Terciptanya pribadi (sumber daya manusia) yang berkarakter itu sangat didukung oleh kondisi Pondok yang mengarah pada terciptanya sistem pendidikan yang berdimensi internalisasi nilai. Adapun ciri-ciri pendidikan Pondok Pesantren yang bisa melahirkan pemimpin-pemimpin masyarakat yaitu sebagai diberikut: (1) ada korelasi yang erat antara santri dengan kiyai, (2) tunduknya kepada kiyai, santri menganggap bahwa menentang kiyai selain dianggap kurang sopan juga berperihalan dengan agama, (3) hidup irit dan sederhana benar-benar dilakukan dalam Pondok Pesantren.

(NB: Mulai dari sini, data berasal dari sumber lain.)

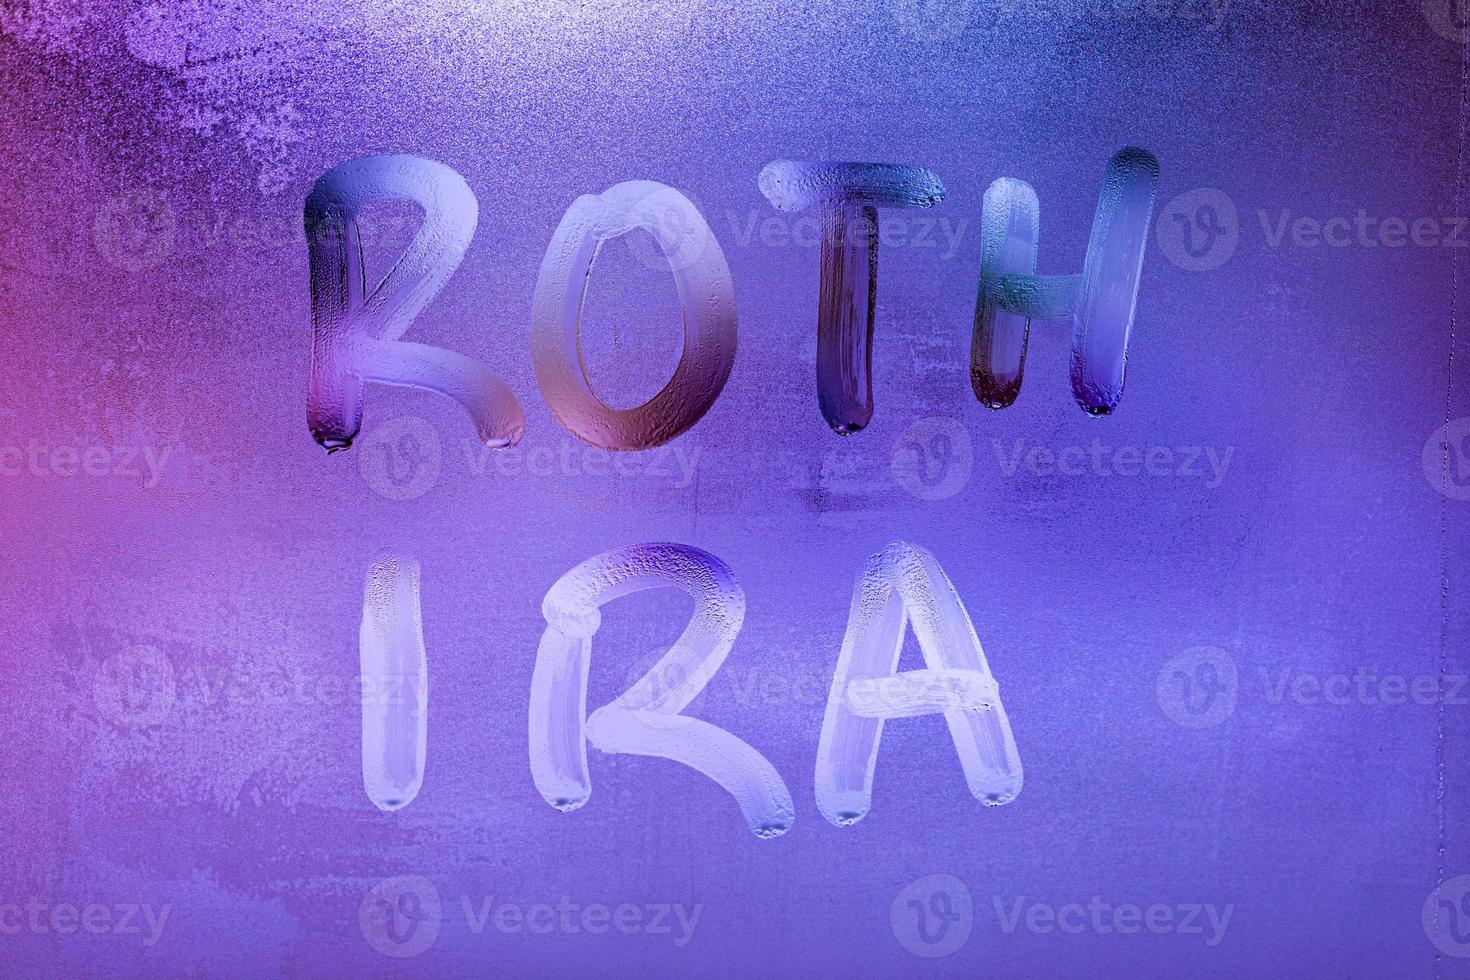 les mots roth ira - compte de retraite individuel - écrit à la main sur la surface en verre de la fenêtre humide de nuit photo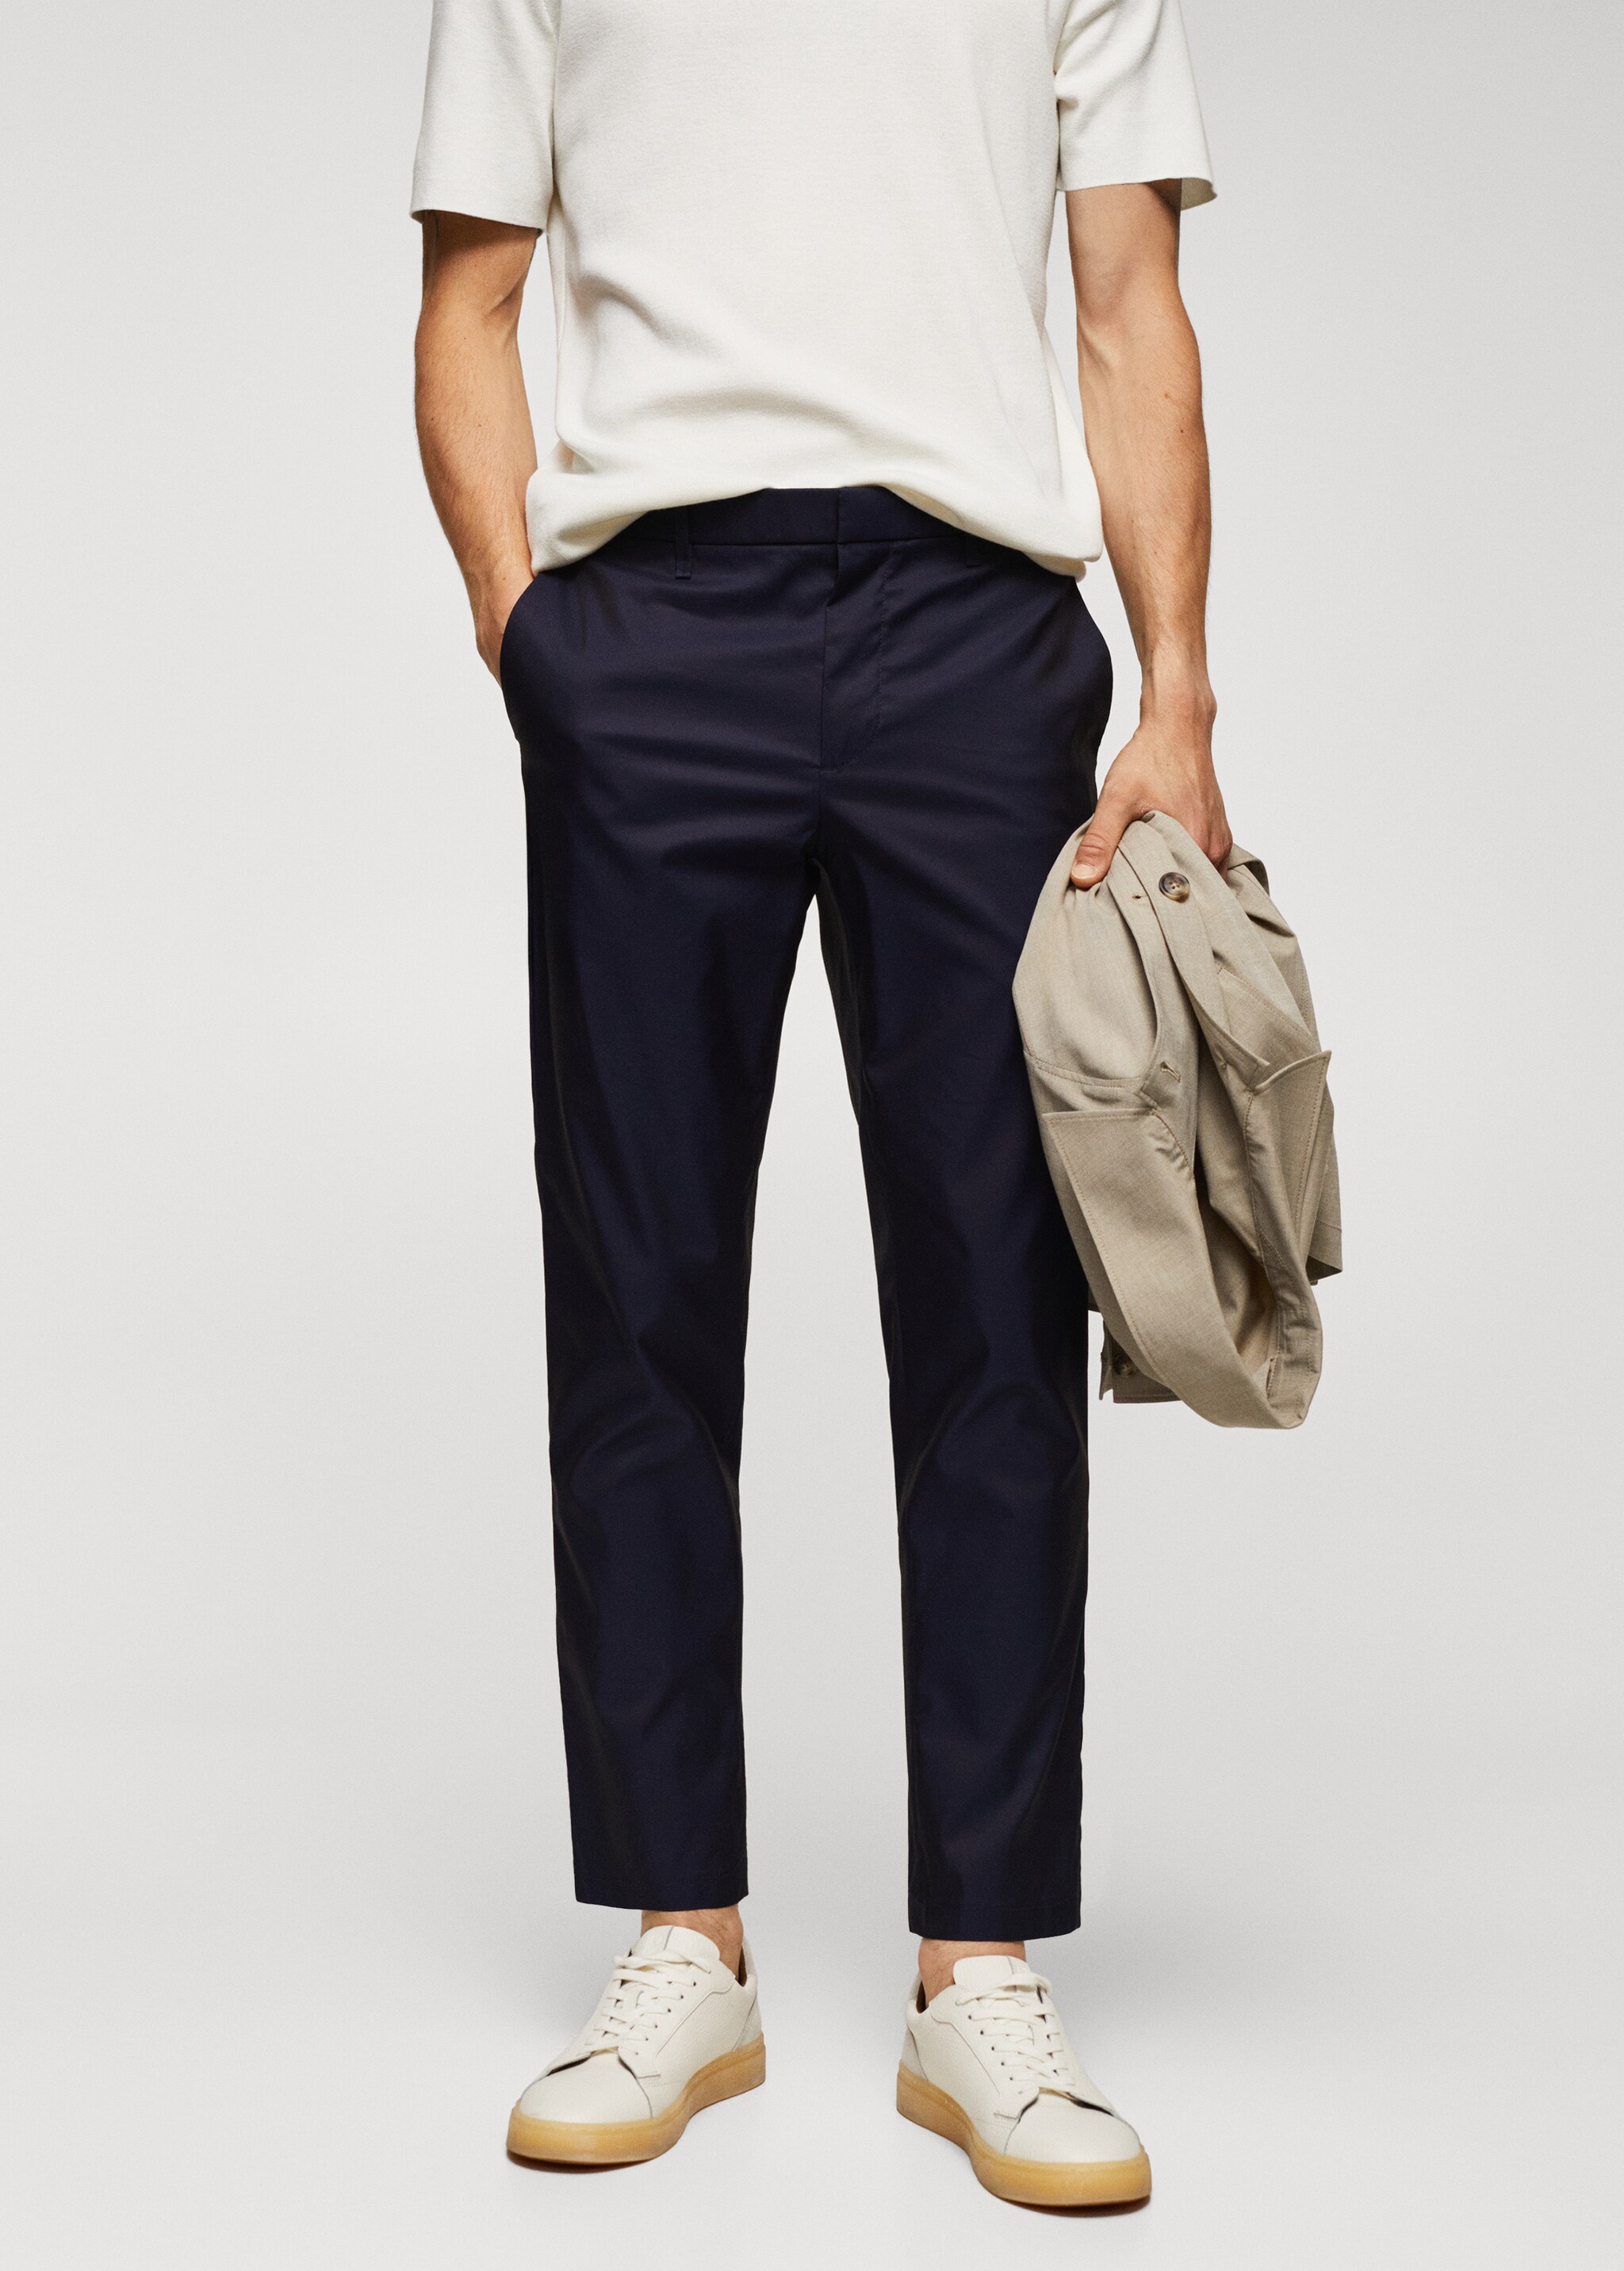 Pantalons slim fit cotó - Plano medio

Hidup glamor tidak terdapat dalam Pondok Pesantren, (4) semangat menolong diri sendiri amat terasa dan kentara di kalangan santri di Pondok Pesantren. Hal ini sanggup dilihat dalam kehidupan sehari-hari mereka yang serba dilaksanakan sendiri, (5) jiwa tolong menolong dan persaudaraan sangat mewarnai pergaulan di Pondok Pesantren itu, (6) pendidikan disiplin sangat ditekankan dalam kehidupan Pondok Pesantren, (7) berani menderita untuk mencapai suatu tujuan yaitu salah satu pendidikan yang diperoleh santri dalam Pondok Pesantren, (8) kehidupan agama yang baik sanggup diperoleh santri di Pondok pesntren itu, lantaran memang Pondok Pesantren yaitu tempat pendidikan dan pengajaran.